Thanks for taking an interest in my project! This originally started as an Image Classifier project I worked on in my Udacity Nanodegree program (highly recommended if you have the time & money!). In this notebook, I'll walk you through how the image classifier works. This does not explain how my command-line application works. This simply walks you through how the image classifier is trained and predicts. Please note...
In this project, we will train an image classifier leveraging a pretraind Convolutional Neural Network using the PyTorch framework to recognize different species of flowers. You can imagine using something like this in a phone app that tells you the name of the flower your camera is looking at. In practice you'd train this classifier, then export it for use in your application. We'll be using this dataset of 102 flower categories, you can see a few examples below.
The project is broken down into multiple steps:
%matplotlib inline
import matplotlib.pyplot as plt
from PIL import Image
import numpy as np
import torch
from torch import nn, optim
import torch.nn.functional as F
from torchvision import datasets, transforms, models
from collections import OrderedDict
import time,json
from workspace_utils import active_session
In order for the neural network (BTW, whenever I say "model," I mean neural network) to train properly, our images need to be organized in folders named as their class name within training, testing, and validation folders. For example...

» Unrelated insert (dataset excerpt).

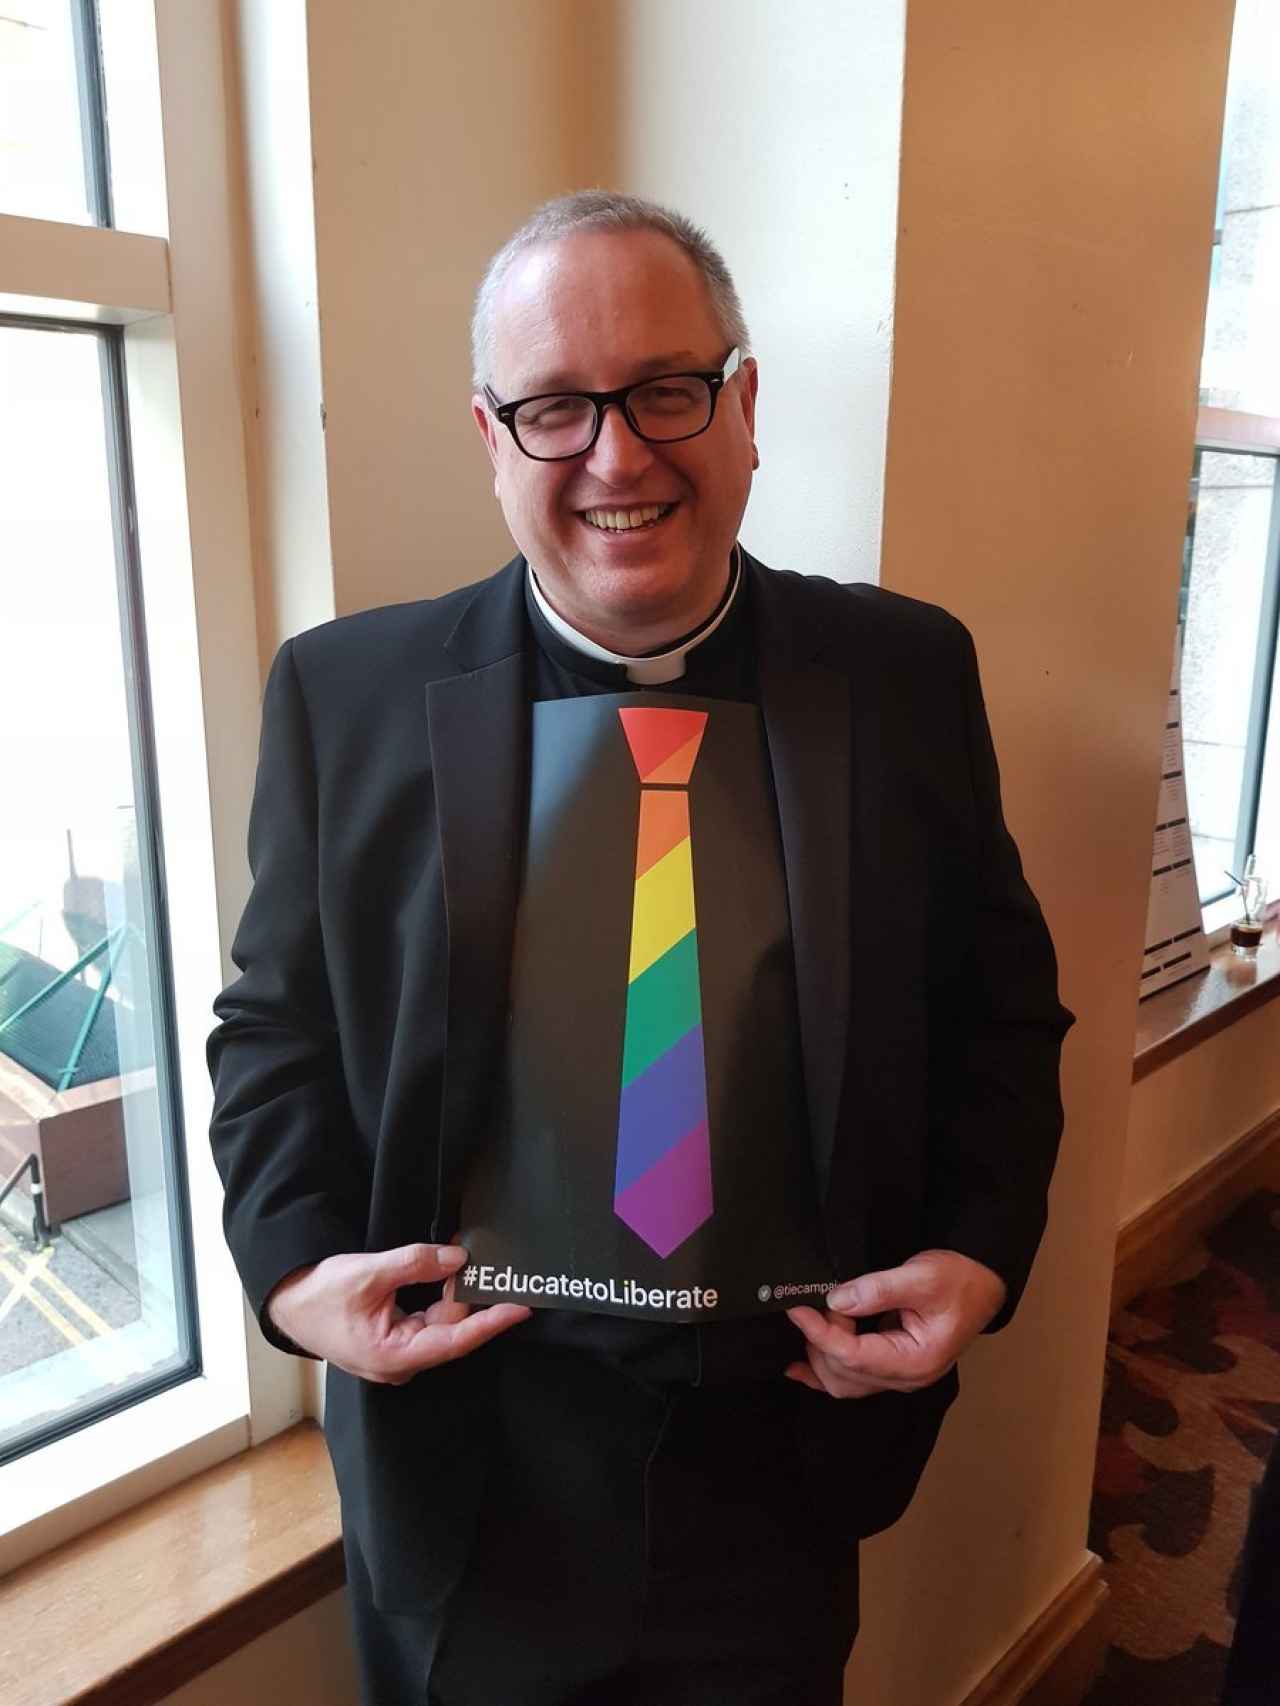 El reverendo es conocido por su apoyo al colectivo homosexual.

If your images aren't already organized like this, it can easily be done with a function like split folders.
data_dir = 'flowers'
train_dir = data_dir + '/train'
valid_dir = data_dir + '/valid'
test_dir = data_dir + '/test'
We're going to use pre-trained networks that come with the torchvision library. These networks were trained on the ImageNet dataset. All we have to do is replace the fully-connected classifier and re-train that on our flowers images. But in order for us to use the pretrained networks, we need the data to be prepared in a certain way, which we'll do in the cell below.
There are 3 general requirements that our image data need to meet in order to work with the pre-trained networks...
array = np.array([1,2,3])
tensor = torch.from_numpy(array)
print(tensor)
This 1) defines transformations for our data, 2) creates Torch Dataset objects using ImageFolder, and 3) creates DataLoader objects that lets us work with our data.
# Transformations literally "transform" our images into tensors that work with our model
# We want our training transformations to have some whacky randomness to it (i.e RandomHorizontalFlip)
# This helps our model generalize to new images.
data_transforms_train = transforms.Compose([transforms.Resize(224),
transforms.RandomHorizontalFlip(),
transforms.RandomRotation(30),
transforms.RandomResizedCrop(224),
transforms.ToTensor(),
transforms.Normalize([0.485, 0.456, 0.406],
[0.229, 0.224, 0.225])])
# We don't want to mess with the images we're using for validation,
# so this is a more basic transform with no random mutations
data_transforms_test = transforms.Compose([transforms.Resize(224),
transforms.CenterCrop(224),
transforms.ToTensor(),
transforms.Normalize([0.485, 0.456, 0.406],
[0.229, 0.224, 0.225])])
# Creating DataSet objects that "hold" our images
image_datasets_train = datasets.ImageFolder(train_dir,data_transforms_train)
image_datasets_valid = datasets.ImageFolder(valid_dir,data_transforms_test)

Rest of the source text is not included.